If you are having trouble with image files, there is information about reporting bugs in the Bio-Formats documentation. Please send us the data and let us know what version of Bio-Formats you are using. For issues with your code, please provide a link to a public repository, ideally GitHub.

Accessing Multiple Images (aka Series) programmatically

Postby waxenegger » Thu May 21, 2015 11:25 am

Hi,

I'm writing a converter to a very simple custom byte stream file format.

I quite like the abstraction of the ImageReader, i.e. the IFormatReader, nevertheless I find there is somewhat funky behavior when it comes to formats/files that entail multiple files eventually.

I noticed the first time when I was contemplating tossing a zip at the readers setId() and of course it read it and that was all well and good and it has -from my understanding/debugging- an embedded image reader in it, namely of the first supported format. Now, here is where I'm getting puzzled and perhaps I'm just missing a detail. The encapsulation of the class does not let me have a go at the reader private member so I can only go via openBytes but that method does not give me meta-info regarding important image info of the file.

Furthermore, while the reader has a getUsedFiles and similiar methods, the files are stuffed into a Location class which -and I did not double check that- it occurred to me could contain the files of another zip potentially. So, again, I was prevented by encapsulation, when running through the Location files map to verify which originating zip they came from to ensure that I would not use a wrong one.

Either way, I abandoned the zip reader in favor of manually looping over the zip entries and instantiating the readers once extracted. But soon I hit a similiar issue:

I have a series of OME Tiffs incl an OME XML. The question I had from just looking at the Reader was: which to use to attack the entire series? I tried, both, the XML as well as the first tiff in the series. They both populated the image meta data nicely but once again when reading I was facing the dilemma of a getBytes that in the case of the xml returned a buffer that was obviously corresponding correctly in length with X x Y x bit depth but I was hoping in vain for it to be anything but initialized (automatically by java). So perhaps my bad and I should have not expected the actual image data from tossing the XML at the Reader but it is a tiny bit misleading to get back an array that hints (in size) at being the first image but isn't. Then trying the first OME Tiff I had a slightly more promising result: It did give me the image data but, only for that first file, which is once again perhaps a misconception of mine given that it does not -per se- know of the other files in the series, I presume, the XML file would have, however, yet it did not do it either.

So, in summation, do I expect too much of the reader, given the interface? Is it really only reading the one file given to it, even if that file may contain xml that is definitely parsed (I saw that much in the code) and does contain the file locations of all files that are part of the series.
If so I'd like to know whether I have to extract the file locations from the xml "manually" (as I had to in the case of a zip) which is not a problem at all? Also, I could not find the the file locations with getUsedFiles() or any other similarly named function which would have suggested itself given the interface.
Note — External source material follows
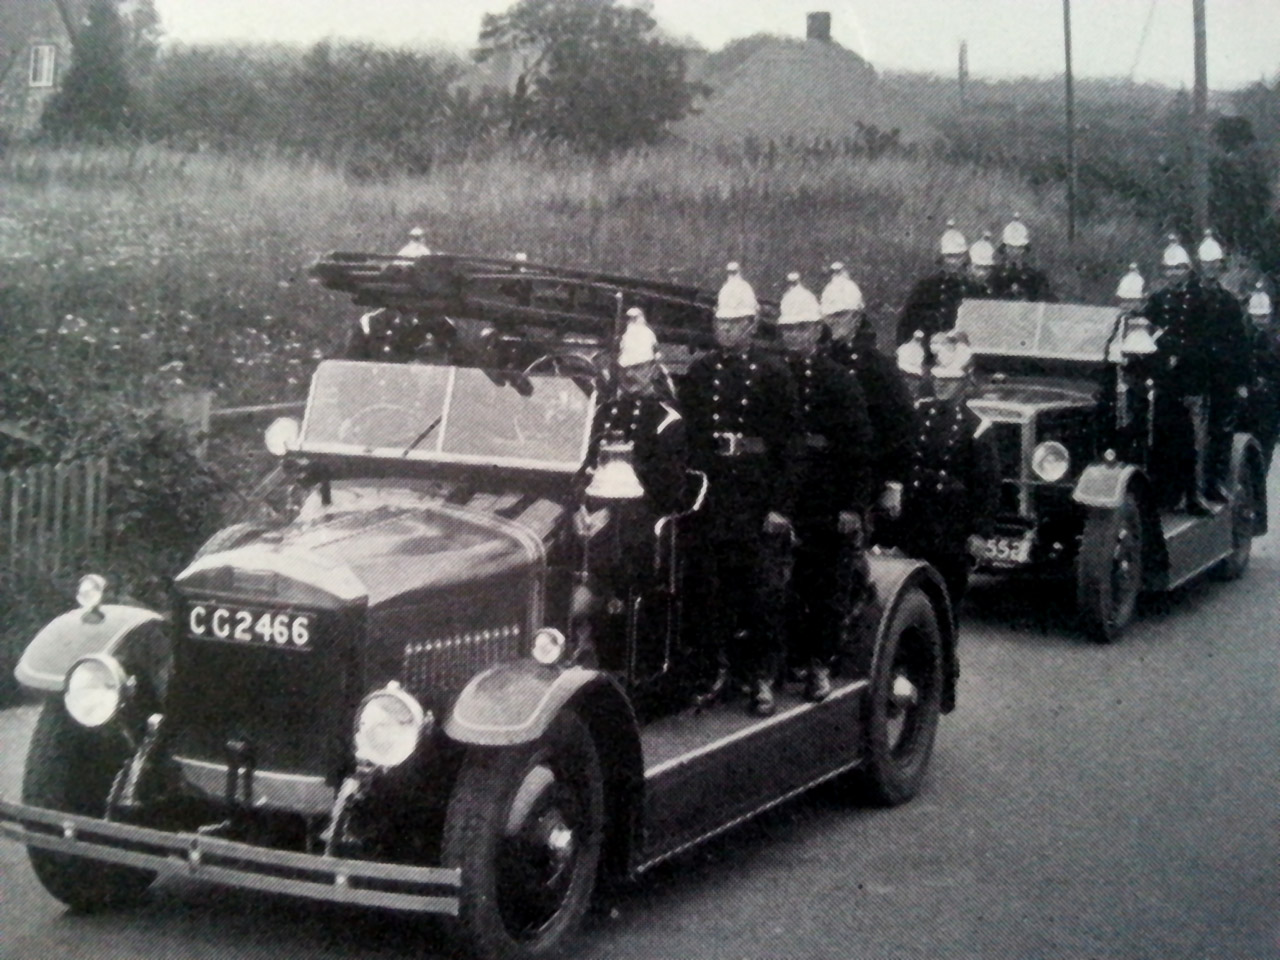 The Eastleigh Fire Brigade

Thanks in advance for any clarification provided,

Harald
User avatar
waxenegger
 
Posts: 12
Joined: Wed May 20, 2015 10:20 pm

Re: Accessing Multiple Images (aka Series) programmatically

Postby waxenegger » Fri May 22, 2015 12:25 am

alright, to make this a bit more tangible:

this bit is from the loci.formats.in.OMEXMLReader:

Code: Select all
  public byte[] openBytes(int no, byte[] buf, int x, int y, int w, int h)
    throws FormatException, IOException
  {
    if (binDataOffsets.size() == 0) return buf;

...


binDataOffsets is in fact empty and that may very well be ok given the format BUT:
is there a way to get to the DOM content and the individual files (incl. pixels)?
they are parsed in the process, various meta-data is constructed (btw I could not find the source for ome.xml.model.OME and some others in git, well not for 5.1.1 that is), but struggle to get a handle on any of these objects.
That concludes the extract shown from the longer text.